The tornado destroyed a 300 foot radio tower then continued to travel northeast completely destroying one house trailer and damaging three homes. One home was partially lifted off its foundation while a section of roof from a second home was removed. A large house trailer located 40-50 yards east of the three homes was completely destroyed. Only the base frame of this trailer remained intact. Several large trees (5 feet in diameter at the base) near the homes were either uprooted or snapped at the base of the trunk.
The overall downed trees showed a convergent pattern with the center axis aligned southwest-northeast 20 to 50 yards north of the three homes. The damage path over this area ranged from 75 to 150 yards while the damage suggested F1 to the lower end of F2 intensity.

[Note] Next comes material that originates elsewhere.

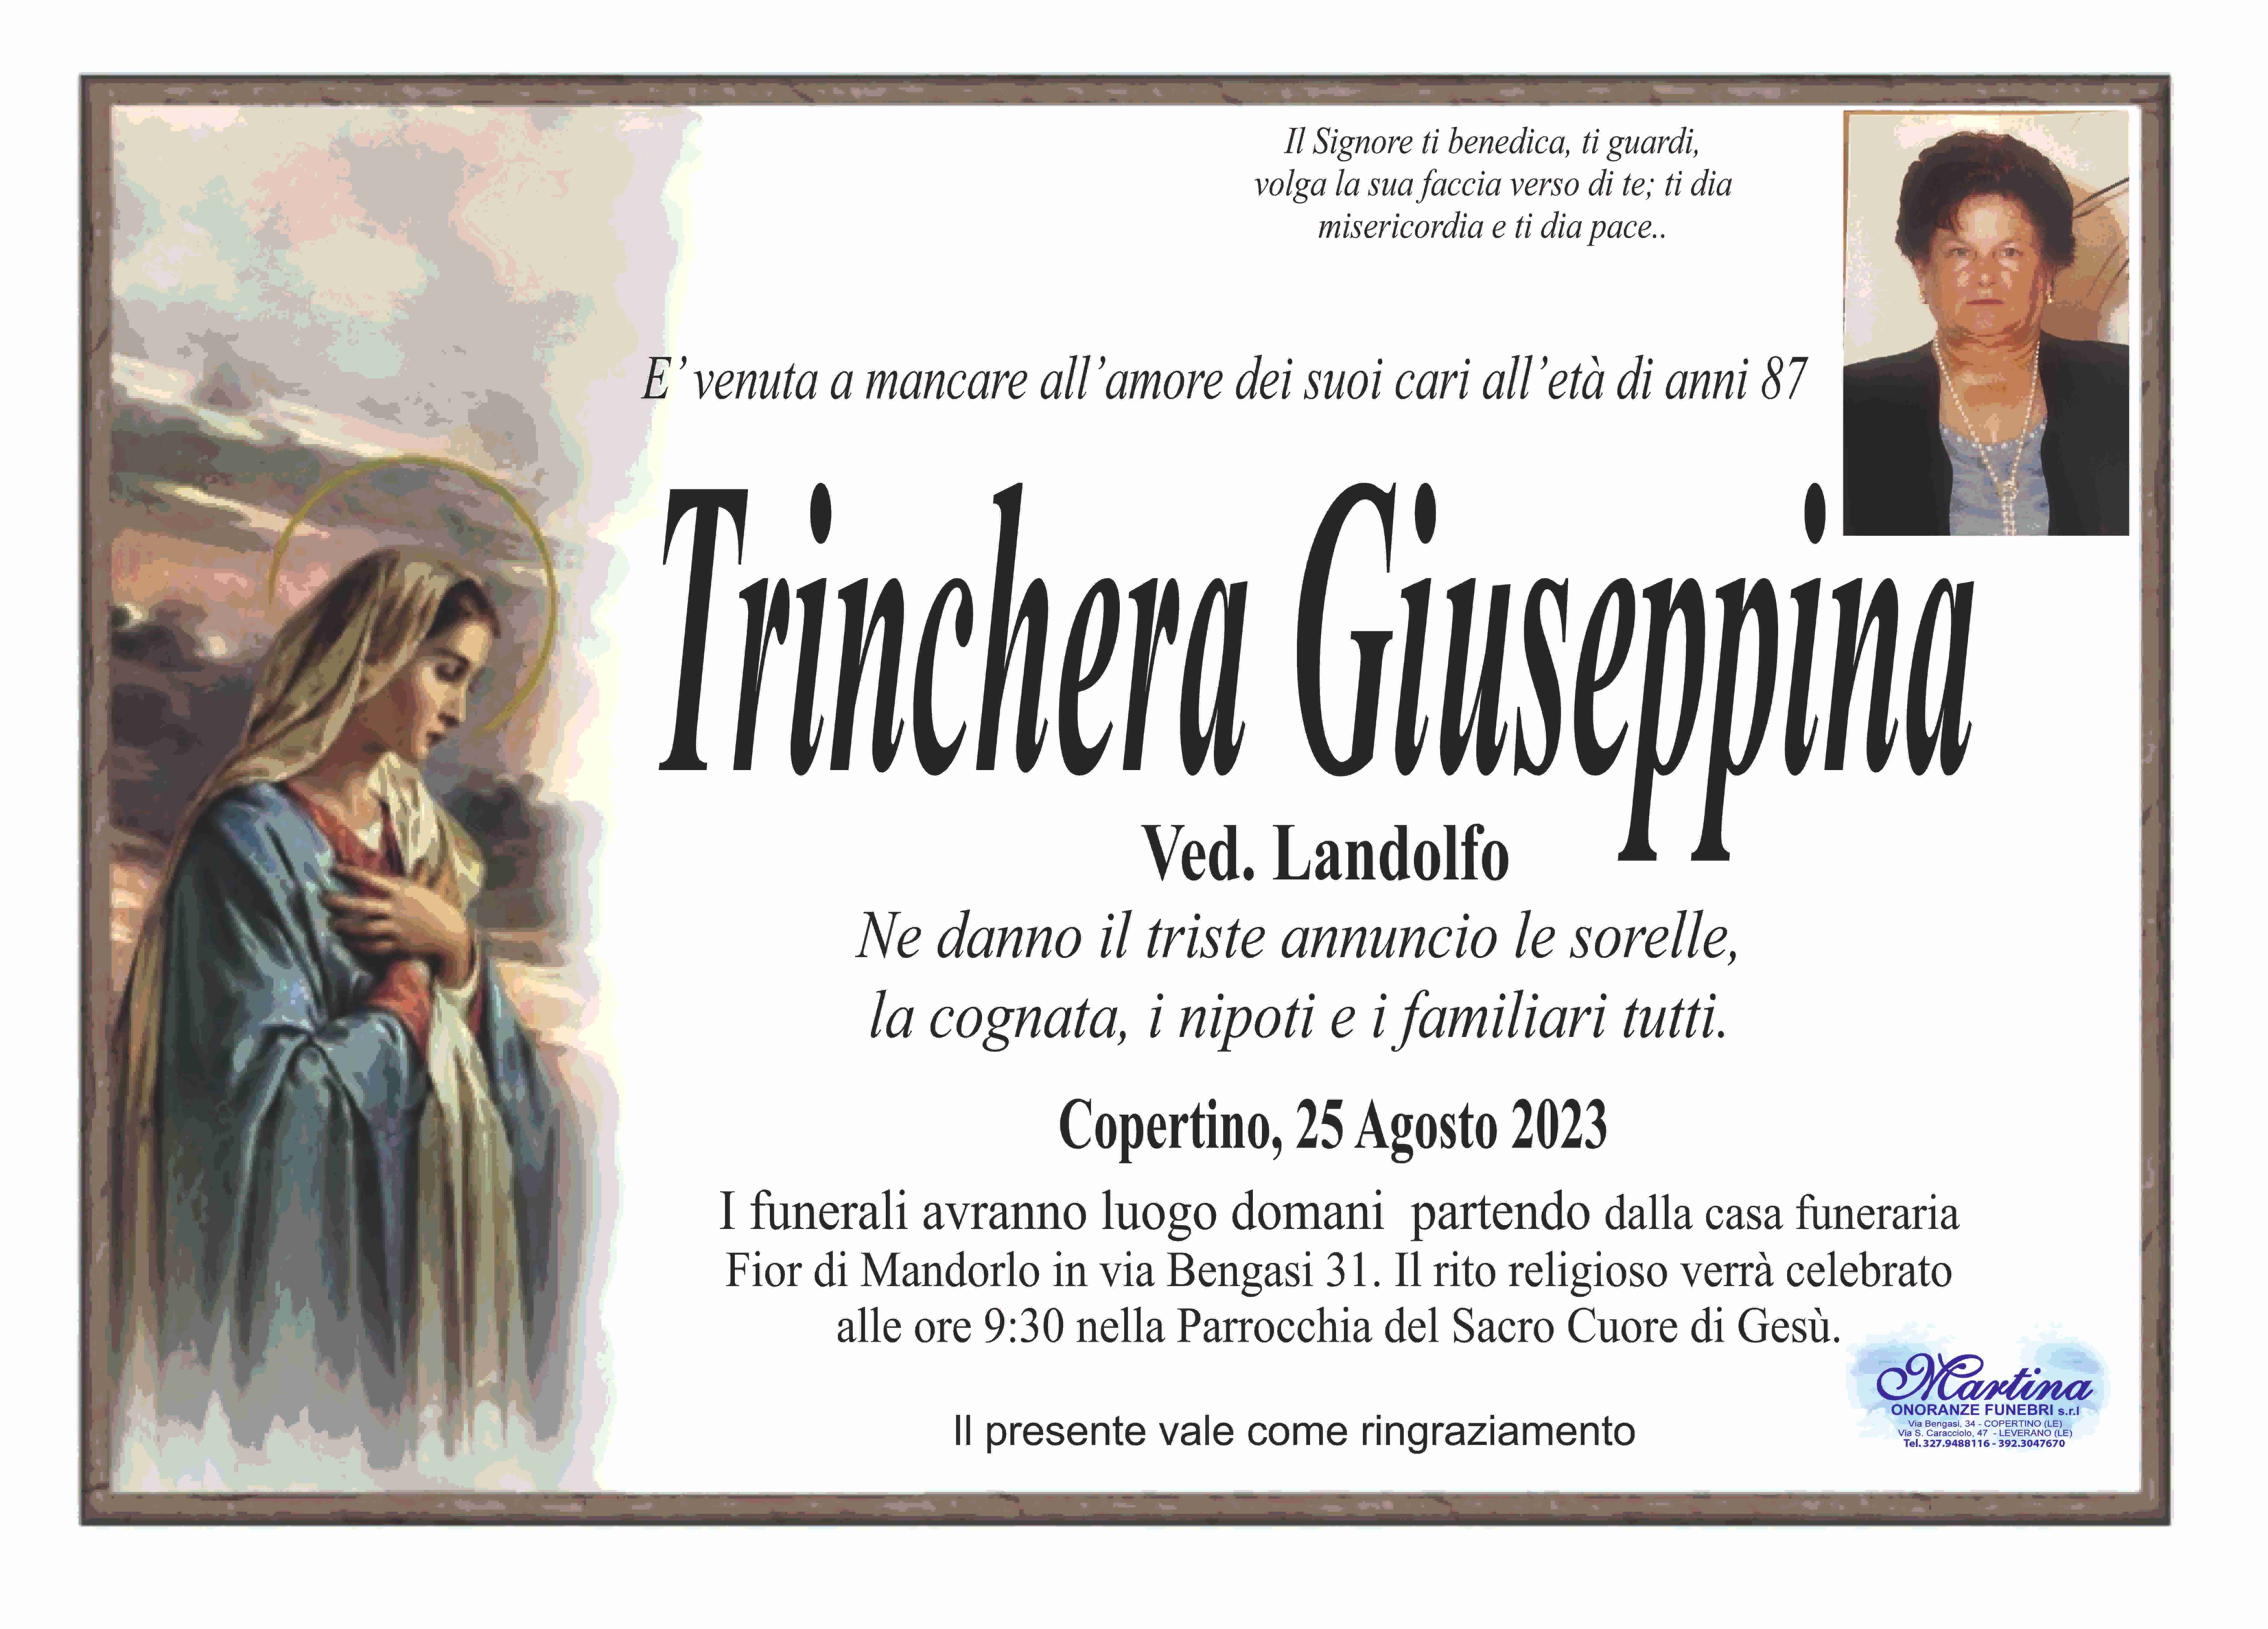 Giuseppina Trinchera

The tornado lifted again and briefly touched down a fifth time 3 miles north-northeast of St. Elmo. At this farmstead only minor damage was observed to one machine shed and a few downed trees. The overall length of the damage path was 50 yards, 30 yards wide and the damage suggested F0 intensity. The funnel briefly dropped a sixth time near Illinois State Route 128 (4 miles north of U.S. 40) on the Fayette - Effingham county line. Only minor tree damage was noted at this location.
It is interesting to point out from our damage surveys that continuous tornadic damage tracks were observed across northern Montgomery County Illinois while the damage path across eastern Fayette County Illinois was intermittent. It is difficult to say why we observed continous tracks across Montgomery county Illinois and intermittent damage near St. Elmo. However, one possible reason is the absence of a clearly defined external outflow boundary coming in contact with the St. Elmo, Illinois tornadic storm as compared to the outflow boundary - isolated storm interaction seen over northern Montgomery county.
Plan view of WSR-88D reflectivity imagery taken at 0101 UTC (8:01 PM CDT) showed the presence of a hybrid supercell having multicellular characteristics over eastern Fayette County Illinois. Multiple high-reflectivity cores (55 - 60 dBZ), and weak echo notches (inflow notches) along the southern flank of the storm can been seen in the 0101 UTC reflectivity plan view (0.5° elevation slice). The storm-relative velocity data showed a mesocyclone near and south of the center 55-60 dBZ reflectivity core - pendant echo/inflow notch, having rotational velocities of 35 kts (17 m s-1). The multicellular structure was maintained for the next two volume scans (10 minutes).